Removing duplicates from a list of lists in Python using deep copy

Question

I have a list of dictonaries - list_1 = [{'account': '1234', 'email': 'abc@xyz.com'}, ... , ...] I wanted to remove the entries with duplicate emails in the list.

import copy
list_2 = copy.deepcopy(list_1)
for i in mainList
 for j in range(len(list_2)-1, -1, -1):
   if ((list_2[j]["email"] == mainList[i])):
                    list_1.remove(list1[j])

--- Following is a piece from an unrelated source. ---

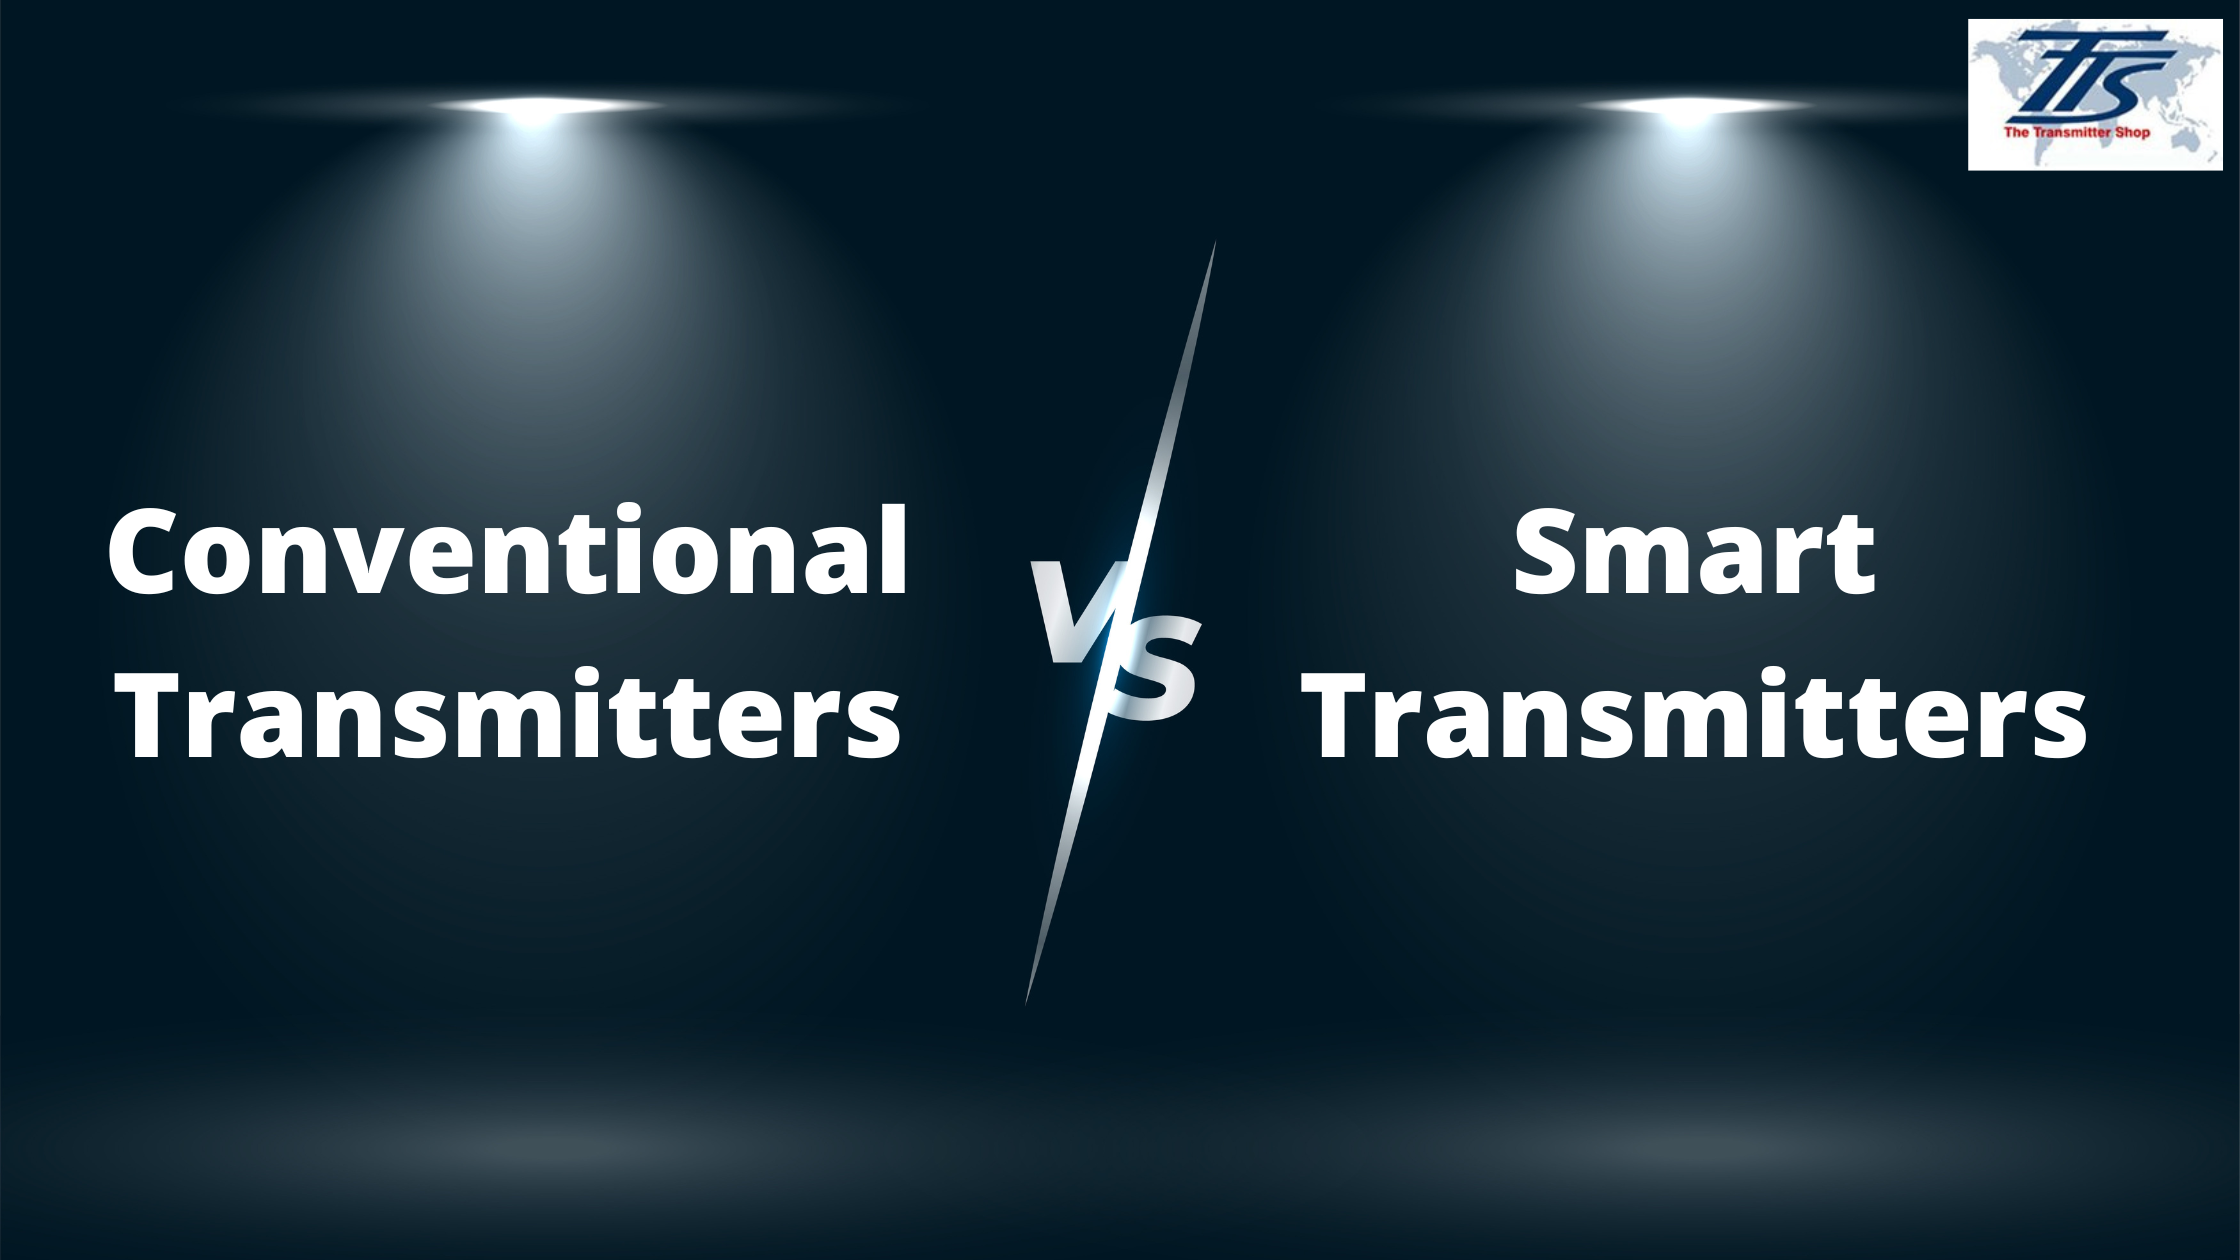 Conventional Transmitter vs Smart Transmitter

MainList here is the list of emails with which I am comparing values with. mainList looks like: ['abc@xyz.com', 'efg@cvb.com, ..., ...] The main problem is list_1 is not coming out correctly. If I use list, or slicing or even list comprehension to copy it, it will come out empty. The end result should give list_1 containing only one element/list/dictonary for each email. Using copy or deep copy at least gives me something. It also seems like sometimes I am getting an indexing error. using

for x in list_2:

instead, returns list_1 with only one item. The closest I got to the correct answer was iterating over list_1 itself while removing items but it was not 100% correct. Please help.

Answer 1

iterate over your list of dictionaries and keep saving every email in a new dictionary only if it is not already present.

temp = dict()
list_1 = [{'account': '1234', 'email': 'abc@xyz.com'}]
for d in list_1:
    if d['email'] in temp:
        continue
    else:
        temp[d['email']] = d
final_list = list(temp.values())

Answer 2

Seems like you want to remove duplicate dictionaries. Please mention the duplicate dictionaries also in the problem.

di = [{'account': '1234', 'email' : 'abc@xyz.com'}, {'account1': '12345', 
'email1' : 'abcd@xyz.com'}, {'account': '1234', 'email' : 'abc@xyz.com'}]
s=[i for n, i in enumerate(d) if i not in di[n + 1:]]
Print(s)

This would give you required output

[{'account1': '12345', 'email1': 'abcd@xyz.com'}, {'account': '1234', 'email': 
'abc@xyz.com'}]

Answer 3

The easiest way I feel to accomplish this is to create an indexed version of list_1 (a dictionary) based on your key.

list_1 = [
    {'account': '1234', 'email' : 'abc@xyz.com'},
    {'account': '1234', 'email' : 'abc@xyz.com'},
    {'account': '4321', 'email' : 'zzz@xyz.com'},
]

list_1_indexed = {}
for row in list_1:
    list_1_indexed.setdefault(row['email'], row)
list_2 = list(list_1_indexed.values())

print(list_2)

This will give you:

[
    {'account': '1234', 'email': 'abc@xyz.com'},
    {'account': '4321', 'email': 'zzz@xyz.com'}
]

I'm not sure I would recommend it, but if you wanted to use a comprehension you might do:

list_2 = list({row['email']: row for row in list_1}.values())

Note that the first strategy results in the first key row wins and the comprehension the last key row wins.